28 September 2009

All that is the case

I'm working on a short piece of code to capitalize all the initials in a given sentence (headlines for news stories from a wire service, to be specific), in order to match house style. At first, I was a little surprised that I couldn't find a Java class to do most of the work for me. But once I waded into the actual sentences that I had to process, with their variations and exceptions, I came to the conclusion that some degree of RYO was called for. Here's my current draft:



import java.util.regex.*;

* * *

private String capitalizeAllInitials(String text)
{
//capitalize the first letter of every word in the passed text
//(including little words like "a," "the," "and," "to")
//also capitalize words in quoted and hyphenated phrases

//NOTES: The pattern requires a leading space; I have found that
//ingested stories already capitalize the first word of the title.

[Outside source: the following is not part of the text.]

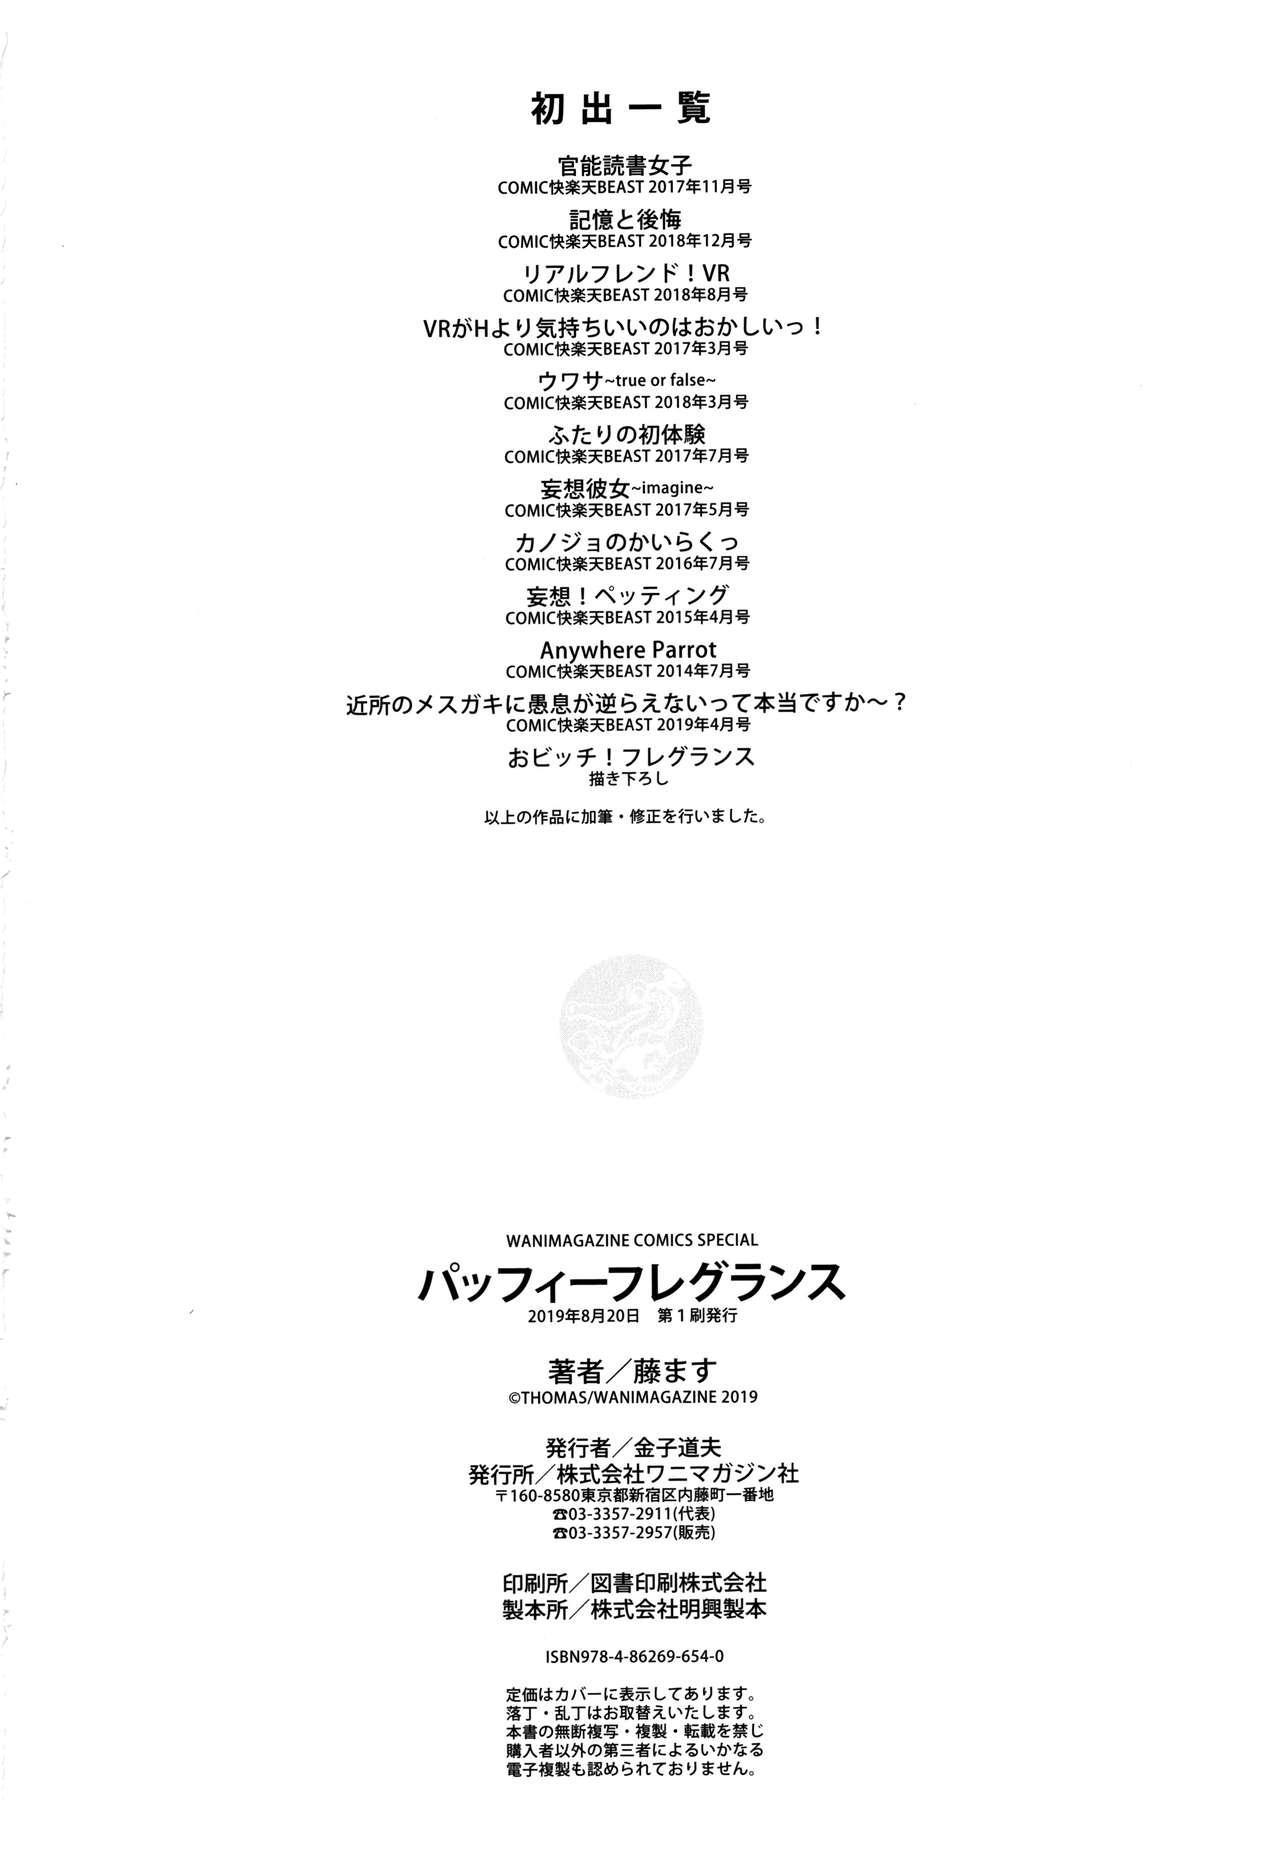 Chiisana Koukishin 198

Pattern p = Pattern.compile("(-|( (`|\\\"|\\\')?))([a-z])");
Matcher m = p.matcher(text);

StringBuffer sb = new StringBuffer();
while (m.find())
{
m.appendReplacement(sb, m.group(1) + m.group(4).toUpperCase());
}
m.appendTail(sb);

return sb.toString();
}



As the comments note, this code will handle ordinary words (The quick brown fox jumps over the lazy dog becomes The Quick Brown Fox Jumps Over The Lazy Dog), hyphenated phrases (Senator proposes pay-as-you-go plan becomes Senator Proposes Pay-As-You-Go Plan), and quoted phrases (Accused confesses, "we did it" becomes Accused Confesses, "We Did It") with single, double, or backquotes. The code assumes that the first word is already capitalized, so if that's not the case with you, you would need to add a ^ to the regular expression.

This code also doesn't handle the common forms of title casing, whereby articles, prepositions, and other small words are not capitalized. Also, this code capitalizes proper names and trademarks indiscriminately.

1 comment:

David Gorsline said...

It's probably also worth noting that this code only works for 7-bit ASCII letters--no accents, no Unicode.